Ingmar had been busy all the morning, working around the birches down by the gate. First he had put up a scaffolding, then he had bent the tops of the trees toward each other so that they formed an arch.
"What's all that for?" asked Mother Martha.
"Oh, it suits my fancy to have them grow that way for a change," said Ingmar.
Along came the noon hour, and the men folks stopped their work; after the midday meal the farm hands went out into the yard and lay down in the grass to sleep. Ingmar Ingmarsson slept, too, but he was lying in a broad bed in the chamber off the living-room. The only person not asleep was the old mistress, who sat in the big room, knitting.
The door to the entrance hall was cautiously opened, and in came an old woman carrying two large baskets on a yoke.
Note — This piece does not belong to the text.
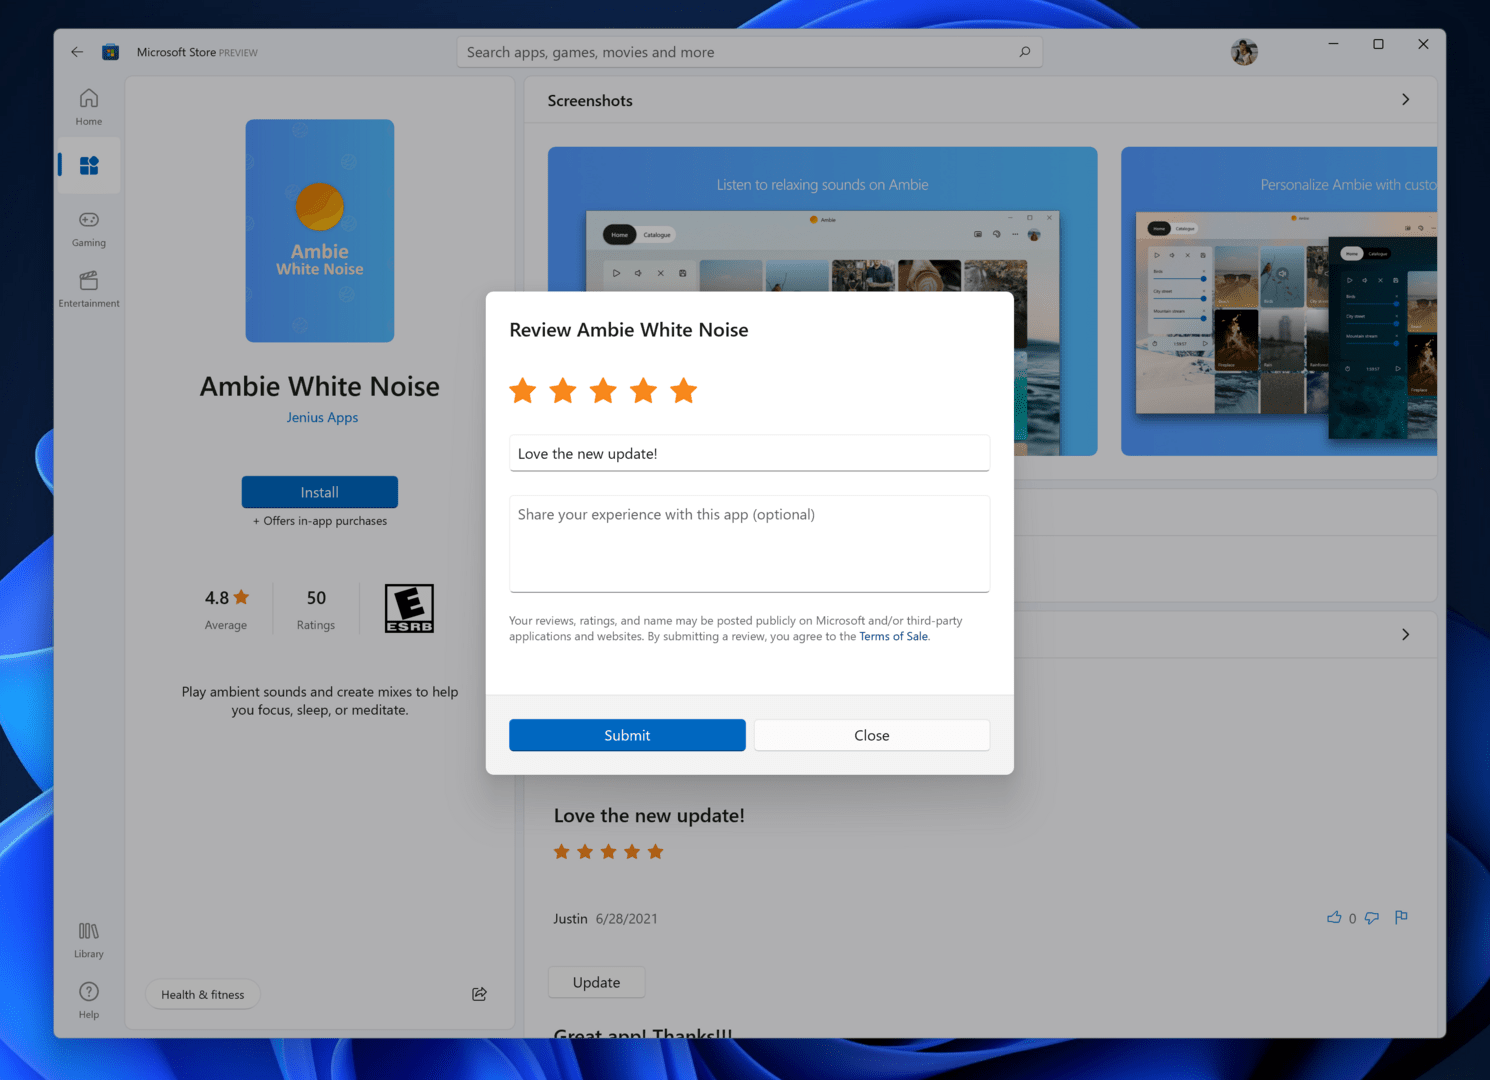 Microsoft Store Preview: Rating and Review

After passing the time of day, she sat down on a chair by the door and took the lids off the baskets, one of which was filled with rusks and buns, the other with newly baked loaves of spiced bread. The housewife at once went over to the old woman and began to bargain. Ordinarily she kept a tight fist on the pennies, but she never could resist a temptation to indulge her weakness for sweets to dip in her coffee.
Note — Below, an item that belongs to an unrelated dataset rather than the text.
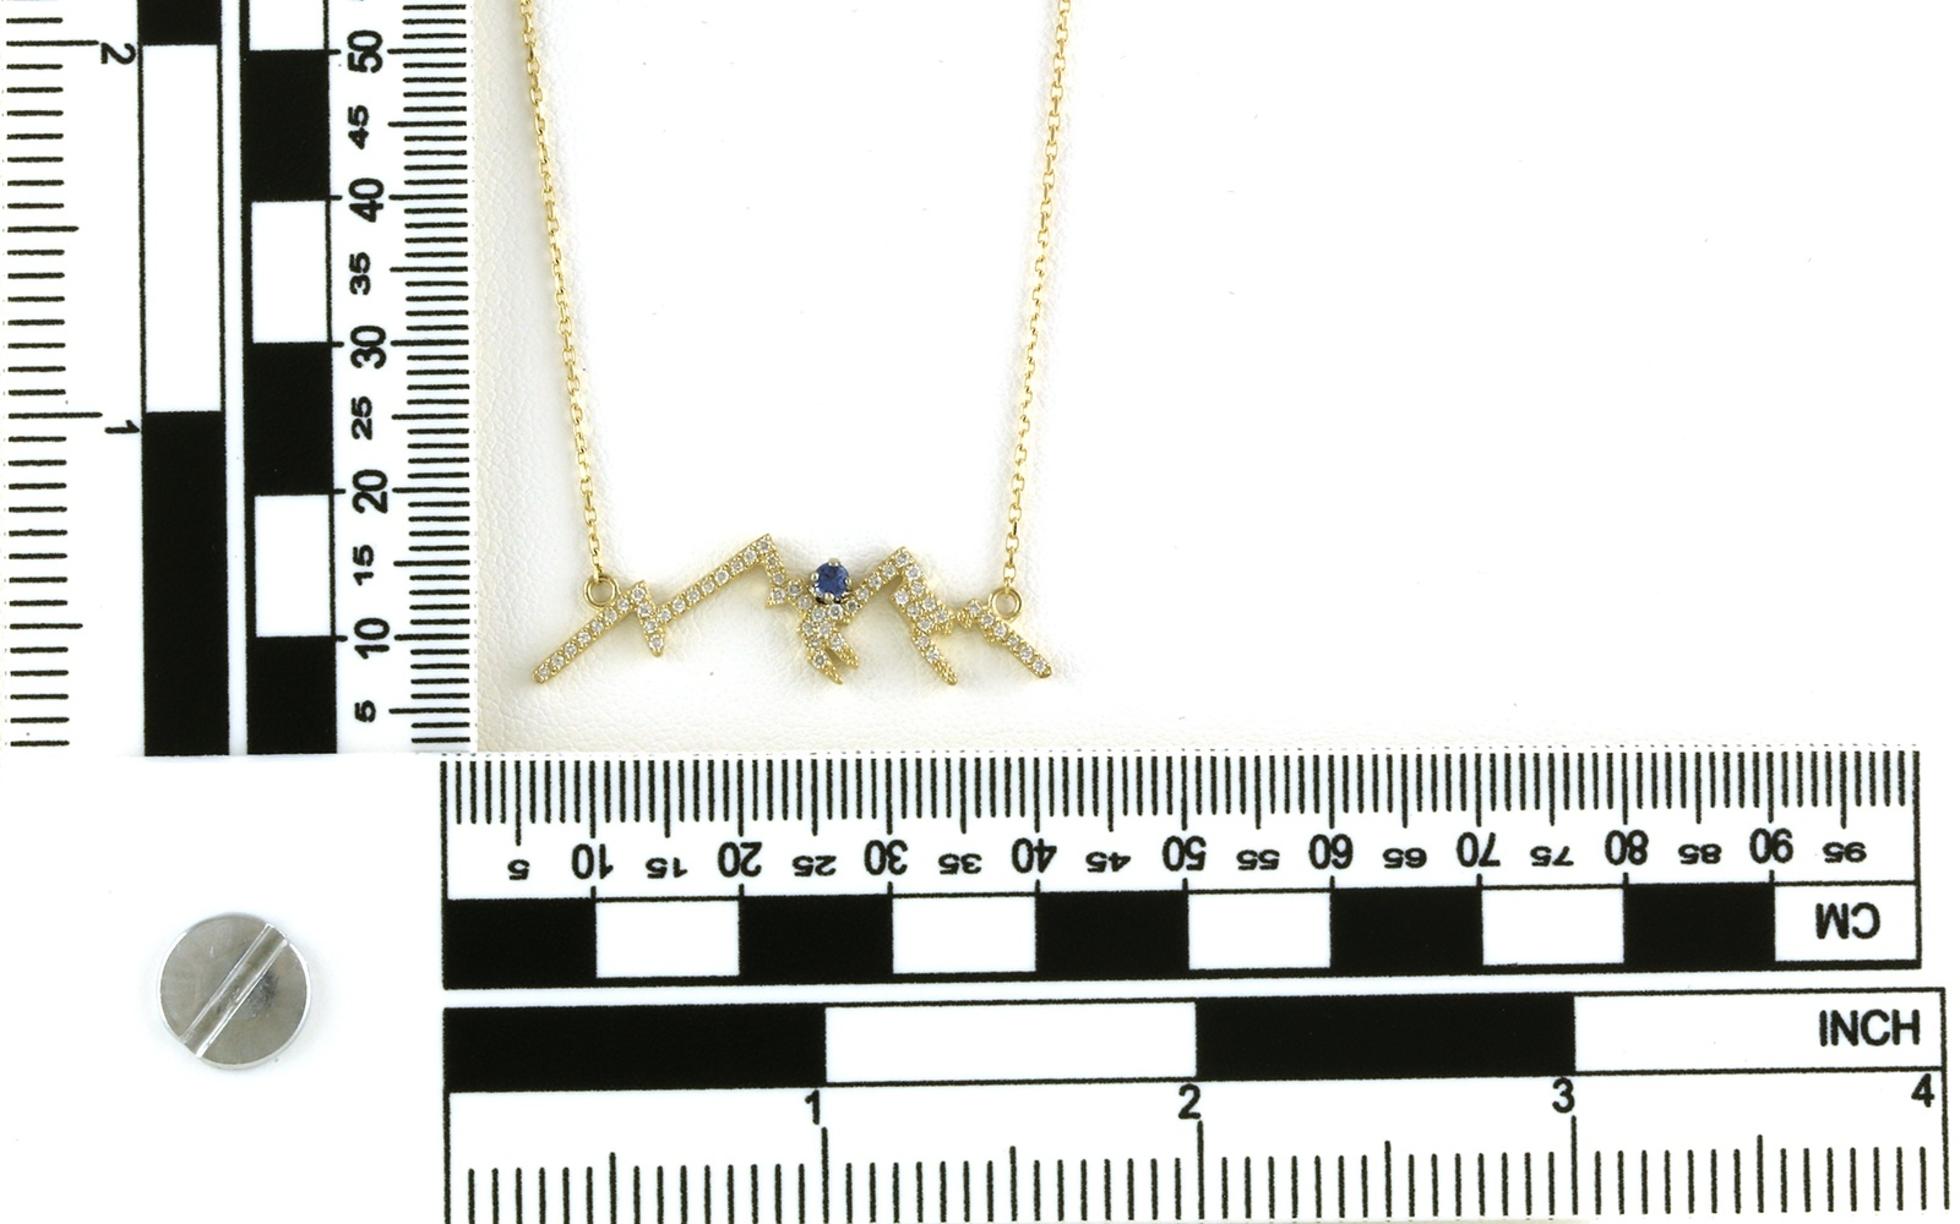  Mountain Ridgeline Montana Yogo Sapphire and Diamond Necklace in Yellow Gold (0.31cts TWT) scale

While selecting her cakes she began to chat with the old woman, who, like most persons that go from place to place and know many people, was a ready talker. "Kaisa, you're a sensible person," said Mother Martha, "and one can rely on you."
"Yes, indeed," said the other. "If I didn't know enough to keep mum about most of the things I hear, there'd be some fine hair-pulling matches, I'm thinking!"
"But sometimes you are altogether too close-mouthed, Kaisa."
The old woman looked up; the inference was quite plain to her.
"May the Lord forgive me!" she said tearfully, "but I talked to the senator's wife at Bergskog when I should have come straight to you."